Reputation: 1405
I am using spark sql to read 2 different datasets sitting in ORC format in S3 . But the performance difference in reading is huge for almost similar size datasets.
Dataset 1 : contains 212,000,000 records each with 50 columns and total up to 15GB in orc format in s3 bucket .
Dataset 2 : contains 29,000,000 records each with 150 columns and total up to 15GB in orc format in same s3 bucket .
Dataset 1 is taking 2 mins to read using spark sql. And its taking 12 mins to read Dataset 2 with same spark read/count job in same infrastructure.
Length of each row could cause this big difference. Can anyone help me understand the reason behind huge performance difference in reading these datasets ?
Upvotes: 3
Views: 2249
Reputation: 13490
Assuming you are using the s3a: client (and not Amazon EMR & it's s3:// client) it is about how much seek() work is going on and whether the client is being clever about random IO or not. Essentially: seek() is very expensive over HTTP1.1 GETs if you have to close an HTTP connection and create a new one. Hadoop 2.8+ adds two features for this: HADOOP-14244: Lazy seek, and HADOOP-13203. High performance random IO.

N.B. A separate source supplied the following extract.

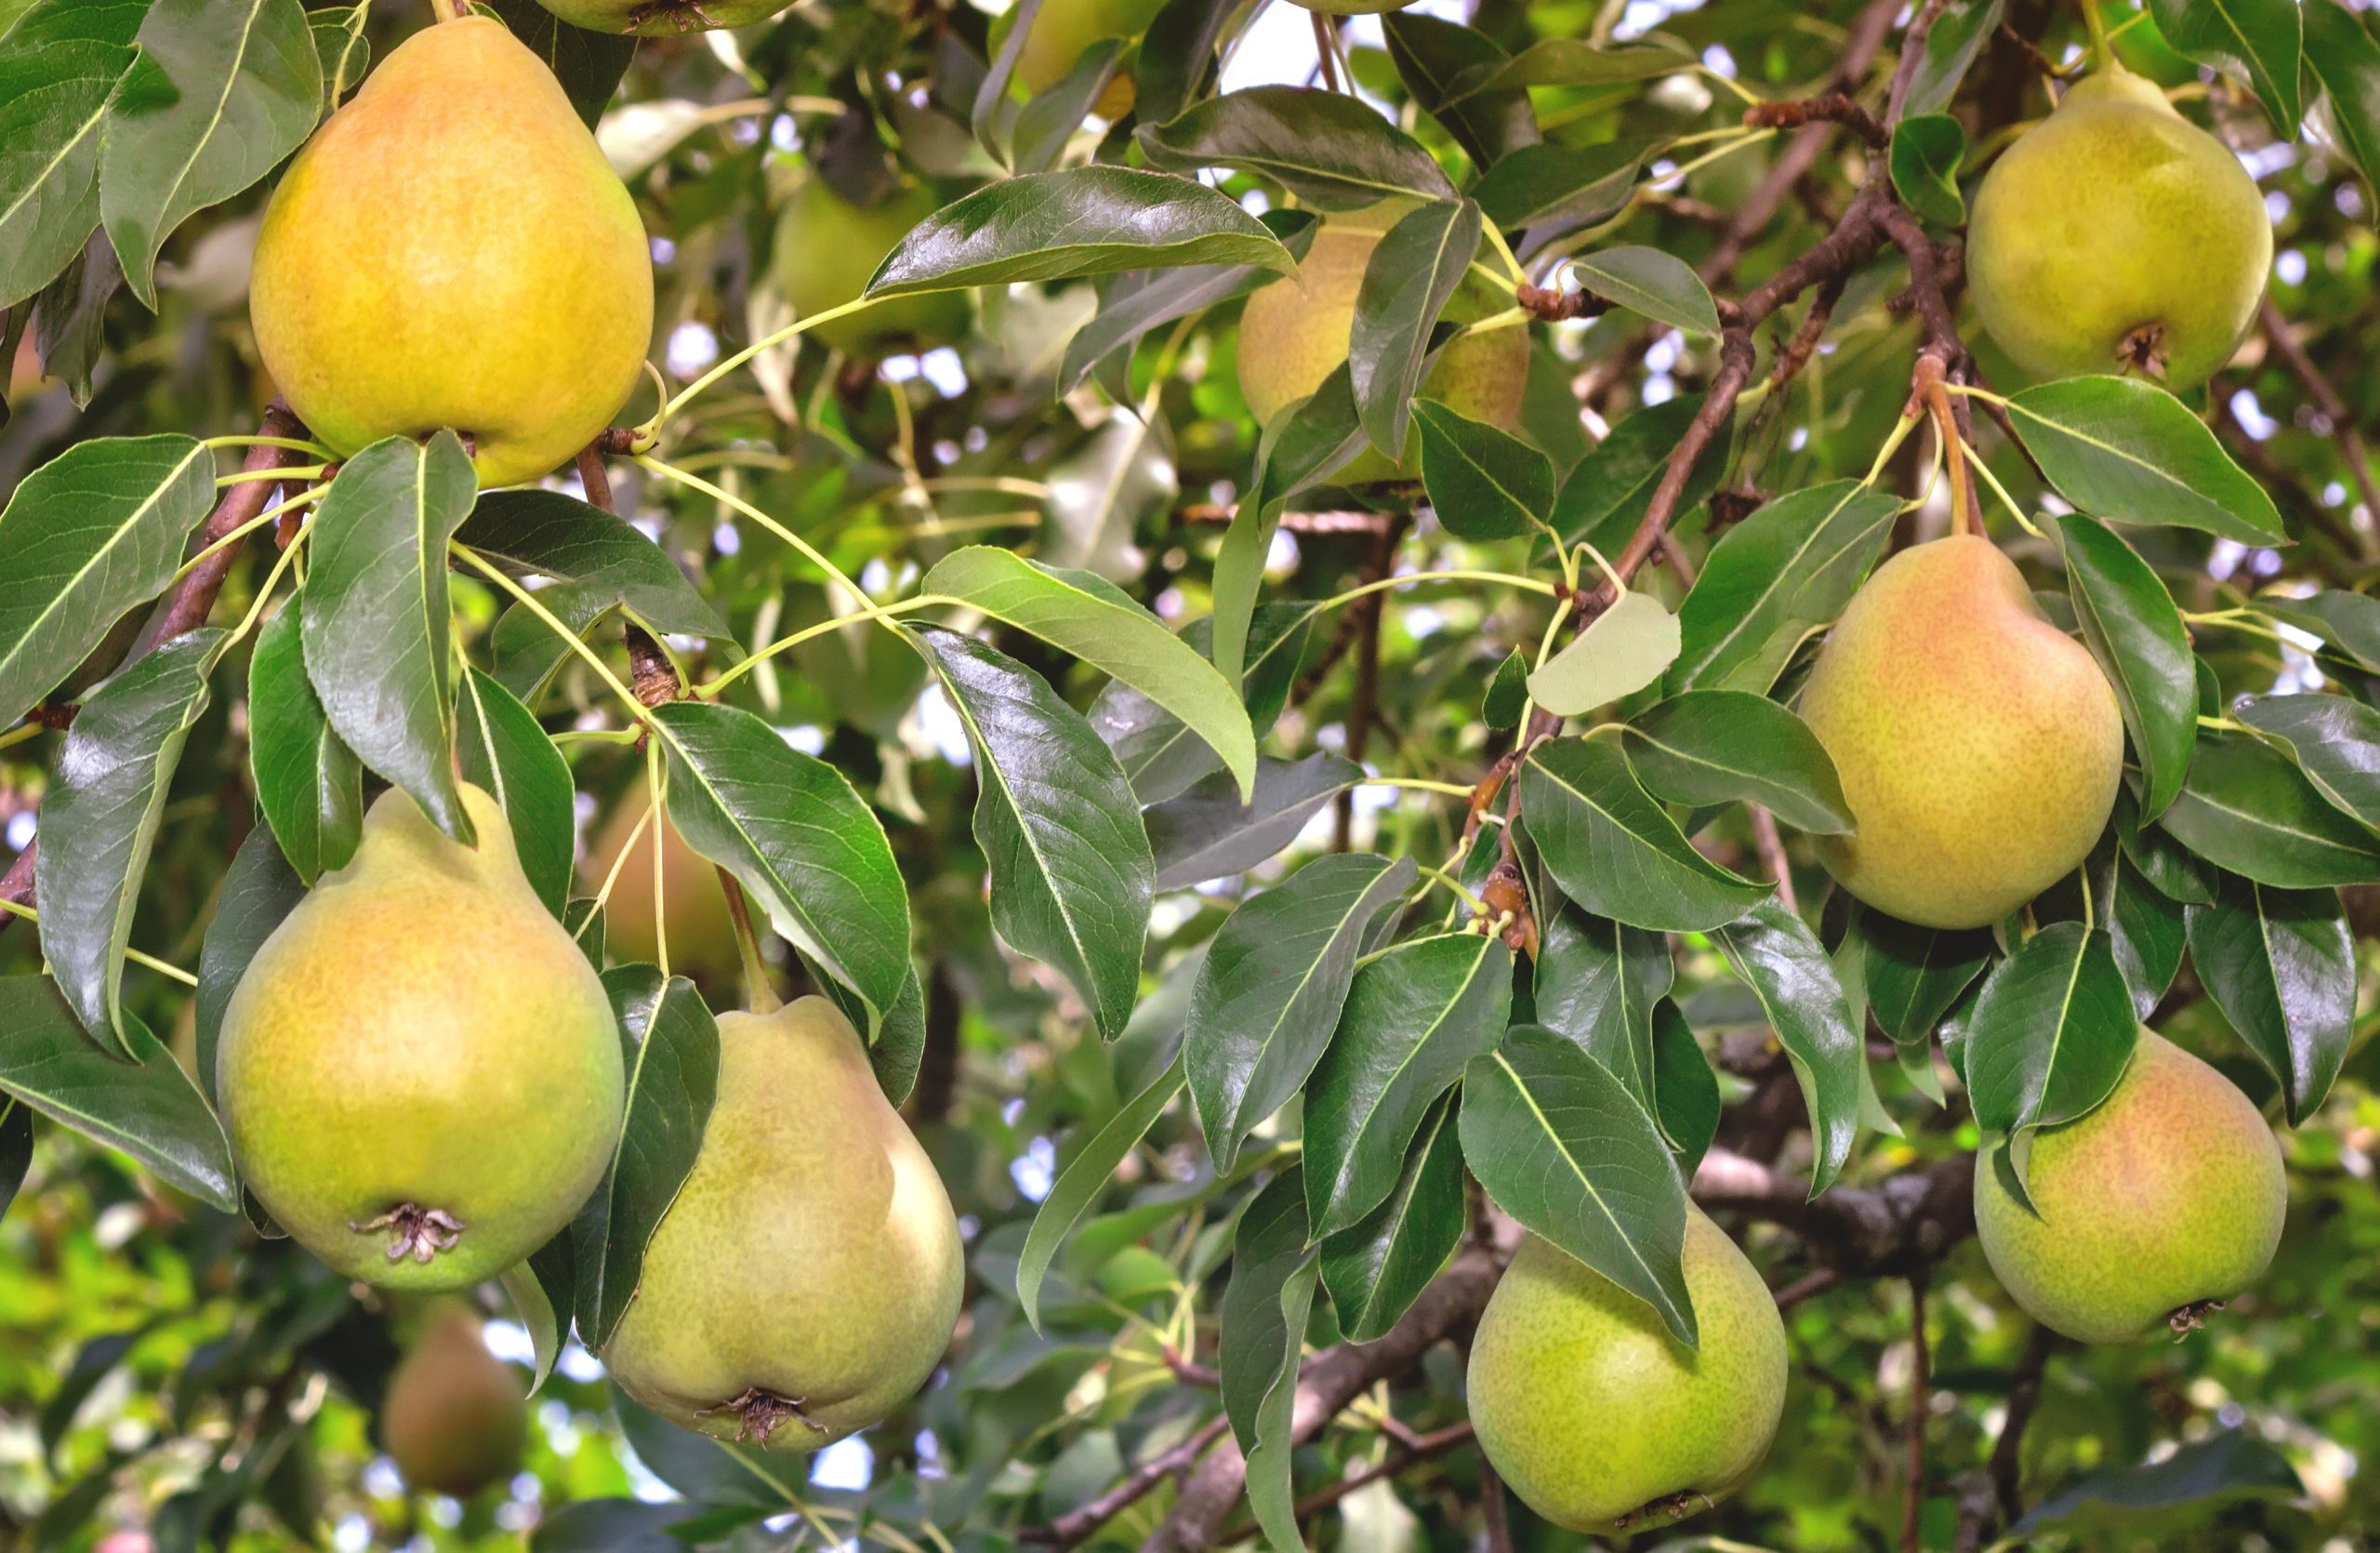 Three large ripe pears hanging on the tree.

If you have the Hadoop 2.8.+ JARs on your classopath, go:
spark.hadoop.fs.s3a.experimental.input.fadvise random
This will hurt performance on non-random IO (reading .gz files and the like), but is critical for ORC/Parquet IO perf.
If you are using Amazon EMR, their s3 client is closed source, take it up with their support team I'm afraid.
Upvotes: 3